Data excerpts
───

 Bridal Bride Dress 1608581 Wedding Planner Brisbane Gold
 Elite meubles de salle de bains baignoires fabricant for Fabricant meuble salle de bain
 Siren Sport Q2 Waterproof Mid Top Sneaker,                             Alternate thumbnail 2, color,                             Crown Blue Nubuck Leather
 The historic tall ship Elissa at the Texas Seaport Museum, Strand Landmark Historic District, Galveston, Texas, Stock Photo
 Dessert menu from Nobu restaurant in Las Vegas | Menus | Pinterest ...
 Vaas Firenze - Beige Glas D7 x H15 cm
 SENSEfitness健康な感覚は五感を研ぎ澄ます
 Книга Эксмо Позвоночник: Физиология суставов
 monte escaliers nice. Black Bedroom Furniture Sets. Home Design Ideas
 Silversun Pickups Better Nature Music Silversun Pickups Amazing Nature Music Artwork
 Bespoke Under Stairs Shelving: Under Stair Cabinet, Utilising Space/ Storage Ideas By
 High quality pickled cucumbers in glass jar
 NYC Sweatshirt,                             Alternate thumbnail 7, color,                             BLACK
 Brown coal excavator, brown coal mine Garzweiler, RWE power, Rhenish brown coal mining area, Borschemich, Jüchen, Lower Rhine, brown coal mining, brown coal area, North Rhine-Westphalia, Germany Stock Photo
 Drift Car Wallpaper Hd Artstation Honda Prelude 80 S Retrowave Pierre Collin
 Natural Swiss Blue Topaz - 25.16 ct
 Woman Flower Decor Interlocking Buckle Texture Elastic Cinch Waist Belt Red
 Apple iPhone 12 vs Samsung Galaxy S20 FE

───

*Task to carry out*:
Produce only the lines from the line containing "Elite meubles de" through the line containing "Natural Swiss Blue Topaz - 25.16 ct", inclusive of both, exactly as they stand in the entries above.

*Result of this exercise*:
 Elite meubles de salle de bains baignoires fabricant for Fabricant meuble salle de bain
 Siren Sport Q2 Waterproof Mid Top Sneaker,                             Alternate thumbnail 2, color,                             Crown Blue Nubuck Leather
 The historic tall ship Elissa at the Texas Seaport Museum, Strand Landmark Historic District, Galveston, Texas, Stock Photo
 Dessert menu from Nobu restaurant in Las Vegas | Menus | Pinterest ...
 Vaas Firenze - Beige Glas D7 x H15 cm
 SENSEfitness健康な感覚は五感を研ぎ澄ます
 Книга Эксмо Позвоночник: Физиология суставов
 monte escaliers nice. Black Bedroom Furniture Sets. Home Design Ideas
 Silversun Pickups Better Nature Music Silversun Pickups Amazing Nature Music Artwork
 Bespoke Under Stairs Shelving: Under Stair Cabinet, Utilising Space/ Storage Ideas By
 High quality pickled cucumbers in glass jar
 NYC Sweatshirt,                             Alternate thumbnail 7, color,                             BLACK
 Brown coal excavator, brown coal mine Garzweiler, RWE power, Rhenish brown coal mining area, Borschemich, Jüchen, Lower Rhine, brown coal mining, brown coal area, North Rhine-Westphalia, Germany Stock Photo
 Drift Car Wallpaper Hd Artstation Honda Prelude 80 S Retrowave Pierre Collin
 Natural Swiss Blue Topaz - 25.16 ct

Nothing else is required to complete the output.